> _EXERCISE BRIEF_:
Restate the following data in its entirety, word for word and without images.

> _DATA BELOW_:

===

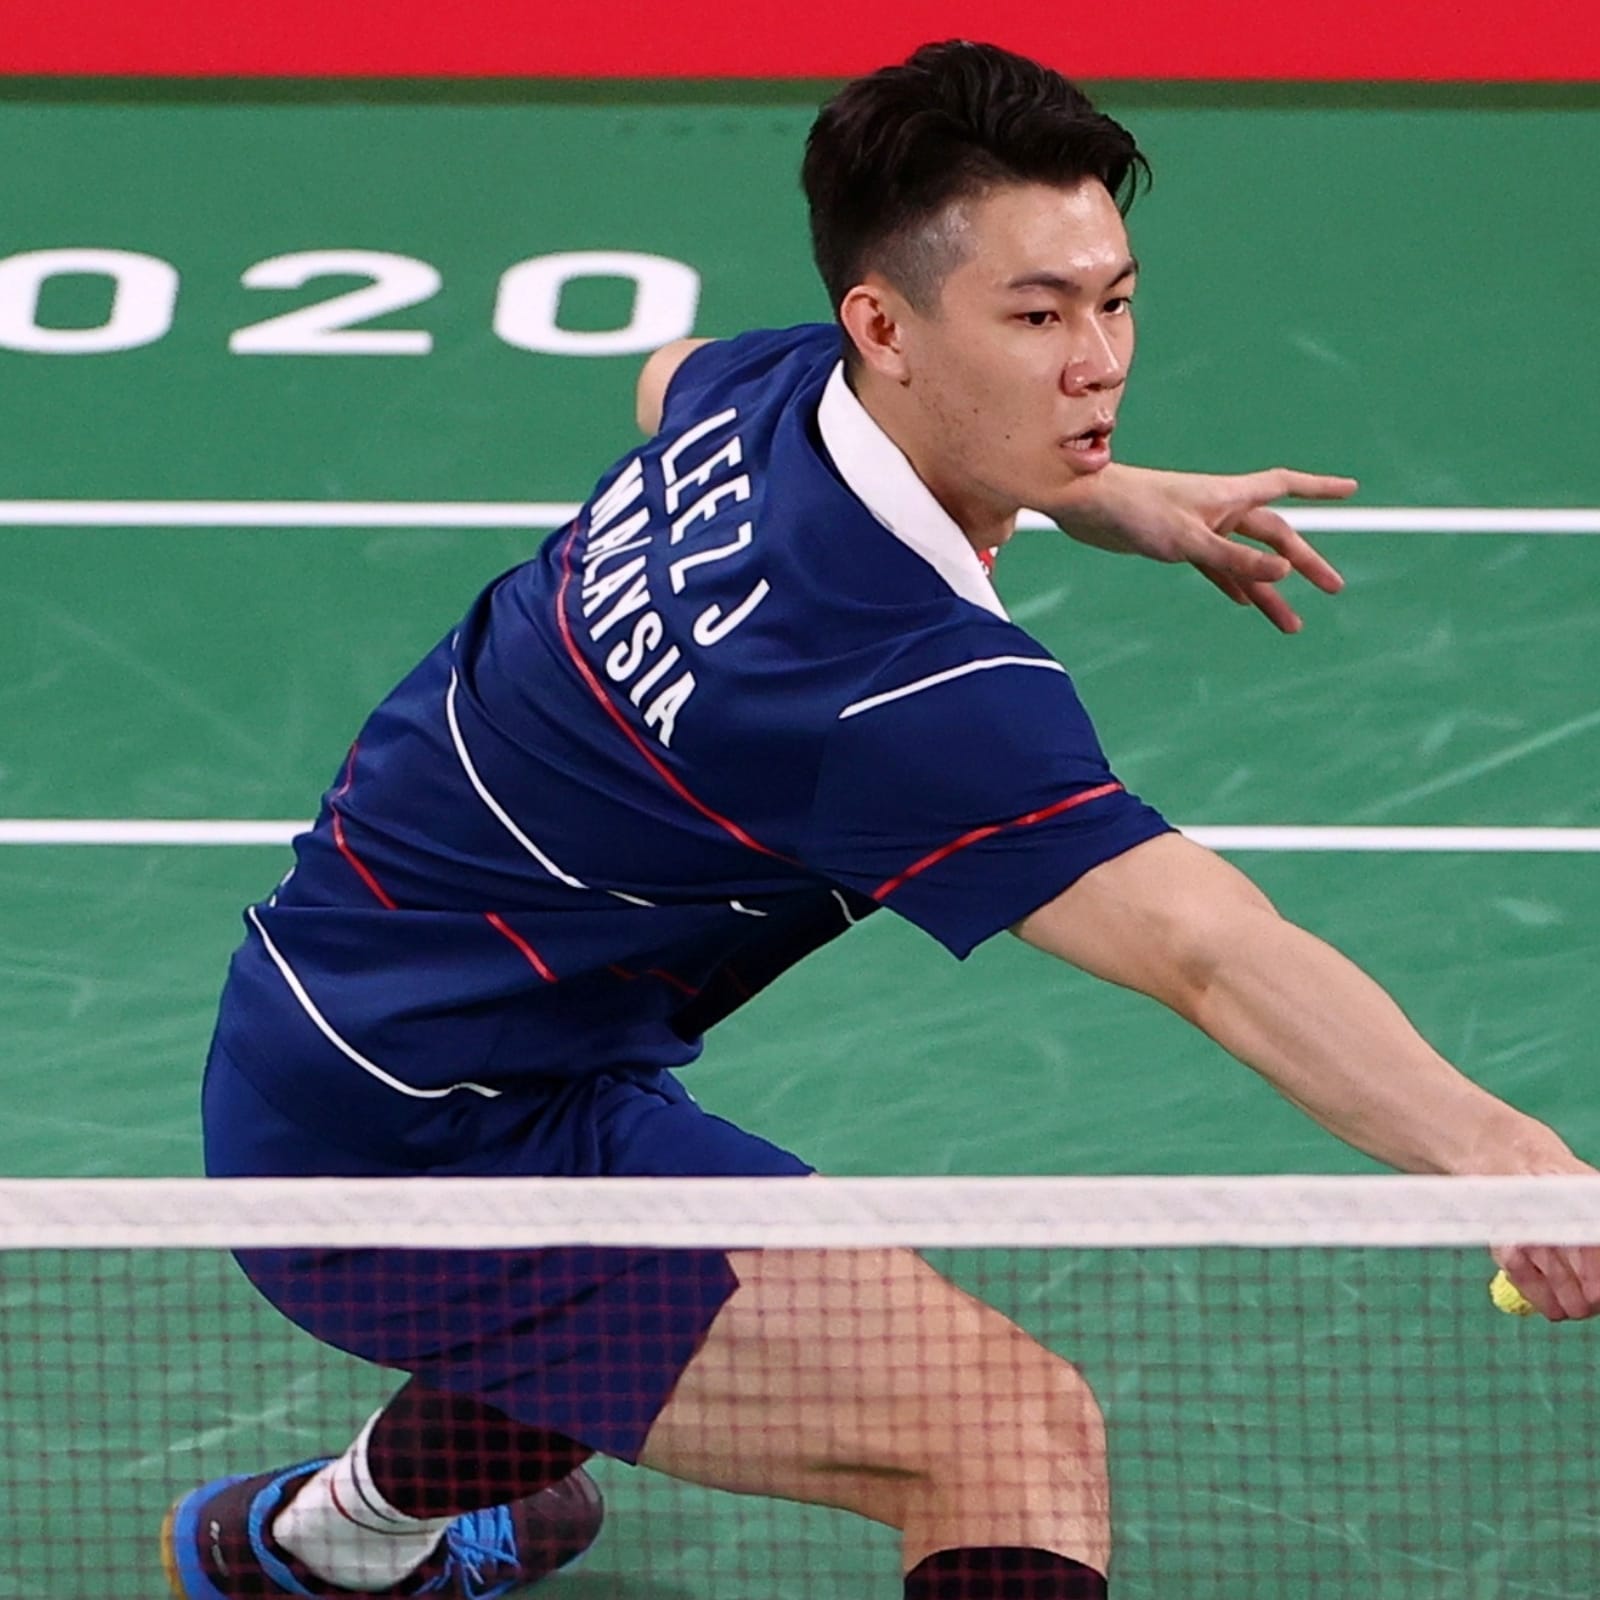 Malaysias Top Badminton Player Lee Zii Jia Quits National Team, to Go Independent
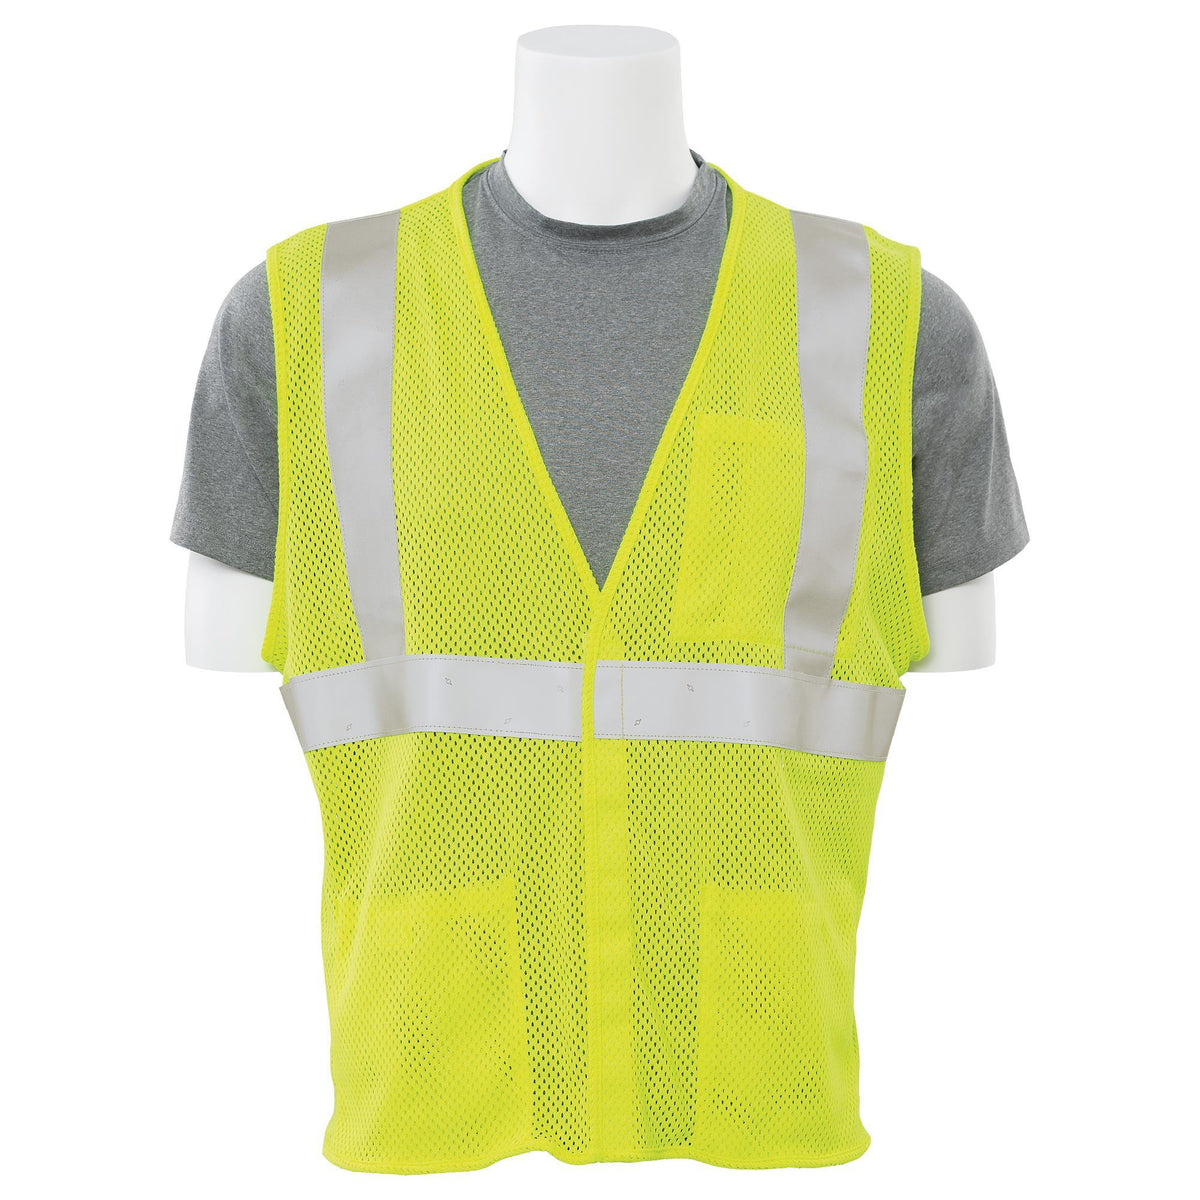 IFR152 Class 2 Inherently Flame Resistant Mesh Safety Vest 1PC
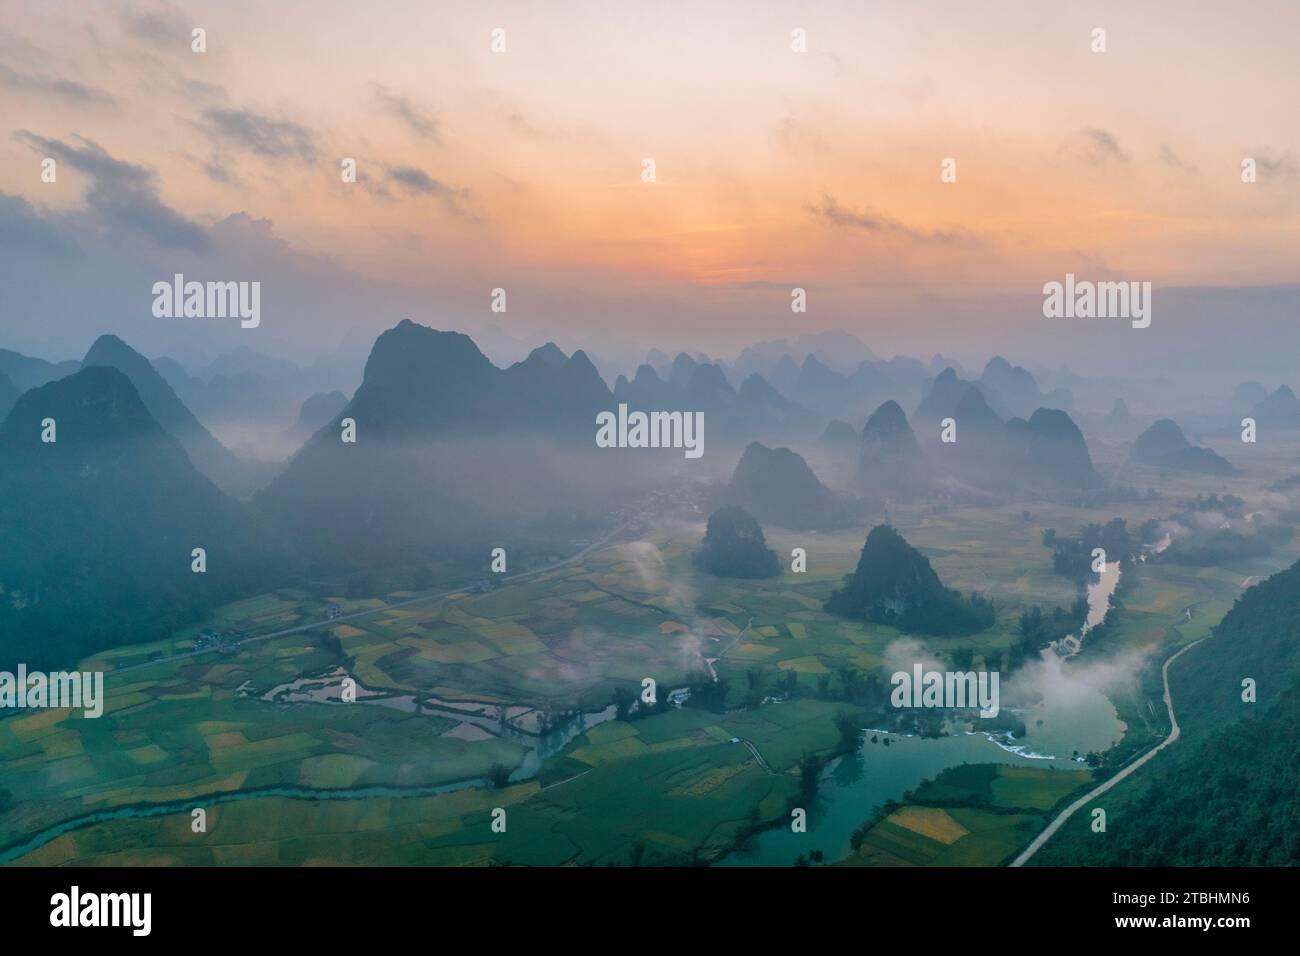 Scenery of Ngoc Con mountain, Cao Bang province, Vietnam filled with mist in the early morning Stock Photo

===

> _SOLUTION TO THE EXERCISE_:
 Malaysias Top Badminton Player Lee Zii Jia Quits National Team, to Go Independent
 IFR152 Class 2 Inherently Flame Resistant Mesh Safety Vest 1PC
 Scenery of Ngoc Con mountain, Cao Bang province, Vietnam filled with mist in the early morning Stock Photo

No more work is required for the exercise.